Commit b956575b authored by Andy Lutomirski's avatar Andy Lutomirski Committed by Ingo Molnar

x86/mm: Flush more aggressively in lazy TLB mode

Since commit:

  94b1b03b ("x86/mm: Rework lazy TLB mode and TLB freshness tracking")

x86's lazy TLB mode has been all the way lazy: when running a kernel thread
(including the idle thread), the kernel keeps using the last user mm's
page tables without attempting to maintain user TLB coherence at all.

From a pure semantic perspective, this is fine -- kernel threads won't
attempt to access user pages, so having stale TLB entries doesn't matter.

Unfortunately, I forgot about a subtlety.  By skipping TLB flushes,
we also allow any paging-structure caches that may exist on the CPU
to become incoherent.  This means that we can have a
paging-structure cache entry that references a freed page table, and
the CPU is within its rights to do a speculative page walk starting
at the freed page table.

I can imagine this causing two different problems:

 - A speculative page walk starting from a bogus page table could read
   IO addresses.  I haven't seen any reports of this causing problems.

 - A speculative page walk that involves a bogus page table can install
   garbage in the TLB.  Such garbage would always be at a user VA, but
   some AMD CPUs have logic that triggers a machine check when it notices
   these bogus entries.  I've seen a couple reports of this.
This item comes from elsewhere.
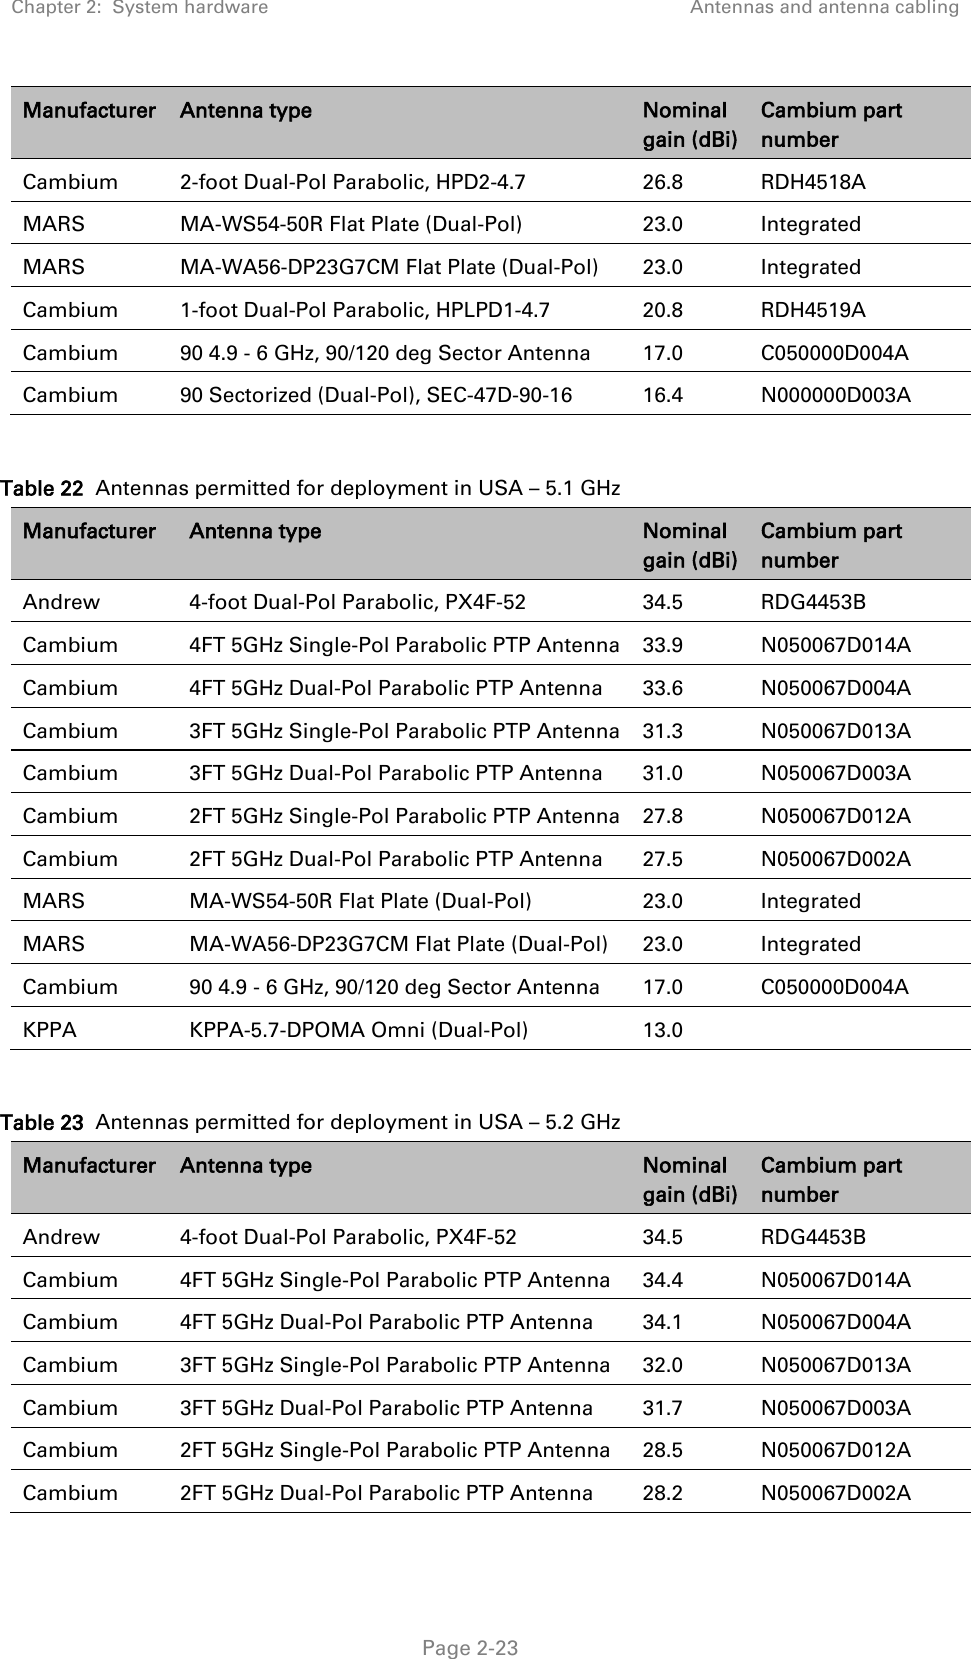 Chapter 2:  System hardware Antennas and antenna cabling   Page 2-23 Manufacturer Antenna type Nominal gain (dBi) Cambium part number Cambium  2-foot Dual-Pol Parabolic, HPD2-4.7 26.8 RDH4518A MARS MA-WS54-50R Flat Plate (Dual-Pol)  23.0  Integrated MARS MA-WA56-DP23G7CM Flat Plate (Dual-Pol)  23.0  Integrated Cambium  1-foot Dual-Pol Parabolic, HPLPD1-4.7 20.8 RDH4519A Cambium 90 4.9 - 6 GHz, 90/120 deg Sector Antenna 17.0 C050000D004A Cambium 90 Sectorized (Dual-Pol), SEC-47D-90-16 16.4 N000000D003A  Table 22  Antennas permitted for deployment in USA – 5.1 GHz Manufacturer Antenna type Nominal gain (dBi) Cambium part number Andrew  4-foot Dual-Pol Parabolic, PX4F-52   34.5 RDG4453B Cambium 4FT 5GHz Single-Pol Parabolic PTP Antenna  33.9 N050067D014A Cambium 4FT 5GHz Dual-Pol Parabolic PTP Antenna 33.6 N050067D004A Cambium 3FT 5GHz Single-Pol Parabolic PTP Antenna 31.3 N050067D013A Cambium 3FT 5GHz Dual-Pol Parabolic PTP Antenna 31.0 N050067D003A Cambium 2FT 5GHz Single-Pol Parabolic PTP Antenna 27.8 N050067D012A Cambium 2FT 5GHz Dual-Pol Parabolic PTP Antenna 27.5 N050067D002A MARS MA-WS54-50R Flat Plate (Dual-Pol)  23.0  Integrated MARS MA-WA56-DP23G7CM Flat Plate (Dual-Pol)  23.0  Integrated Cambium 90 4.9 - 6 GHz, 90/120 deg Sector Antenna 17.0 C050000D004A KPPA  KPPA-5.7-DPOMA Omni (Dual-Pol)  13.0     Table 23  Antennas permitted for deployment in USA – 5.2 GHz Manufacturer Antenna type Nominal gain (dBi) Cambium part number Andrew  4-foot Dual-Pol Parabolic, PX4F-52   34.5 RDG4453B Cambium 4FT 5GHz Single-Pol Parabolic PTP Antenna 34.4 N050067D014A Cambium 4FT 5GHz Dual-Pol Parabolic PTP Antenna 34.1 N050067D004A Cambium 3FT 5GHz Single-Pol Parabolic PTP Antenna 32.0 N050067D013A Cambium 3FT 5GHz Dual-Pol Parabolic PTP Antenna 31.7 N050067D003A Cambium 2FT 5GHz Single-Pol Parabolic PTP Antenna 28.5 N050067D012A Cambium 2FT 5GHz Dual-Pol Parabolic PTP Antenna 28.2 N050067D002A

Boris further explains the failure mode:

> It is actually more of an optimization which assumes that paging-structure
> entries are in WB DRAM:
>
> "TlbCacheDis: cacheable memory disable. Read-write. 0=Enables
> performance optimization that assumes PML4, PDP, PDE, and PTE entries
> are in cacheable WB-DRAM; memory type checks may be bypassed, and
> addresses outside of WB-DRAM may result in undefined behavior or NB
> protocol errors. 1=Disables performance optimization and allows PML4,
> PDP, PDE and PTE entries to be in any memory type. Operating systems
> that maintain page tables in memory types other than WB- DRAM must set
> TlbCacheDis to insure proper operation."
>
> The MCE generated is an NB protocol error to signal that
>
> "Link: A specific coherent-only packet from a CPU was issued to an
> IO link. This may be caused by software which addresses page table
> structures in a memory type other than cacheable WB-DRAM without
> properly configuring MSRC001_0015[TlbCacheDis]. This may occur, for
> example, when page table structure addresses are above top of memory. In
> such cases, the NB will generate an MCE if it sees a mismatch between
> the memory operation generated by the core and the link type."
>
> I'm assuming coherent-only packets don't go out on IO links, thus the
> error.

To fix this, reinstate TLB coherence in lazy mode.  With this patch
applied, we do it in one of two ways:

 - If we have PCID, we simply switch back to init_mm's page tables
   when we enter a kernel thread -- this seems to be quite cheap
   except for the cost of serializing the CPU.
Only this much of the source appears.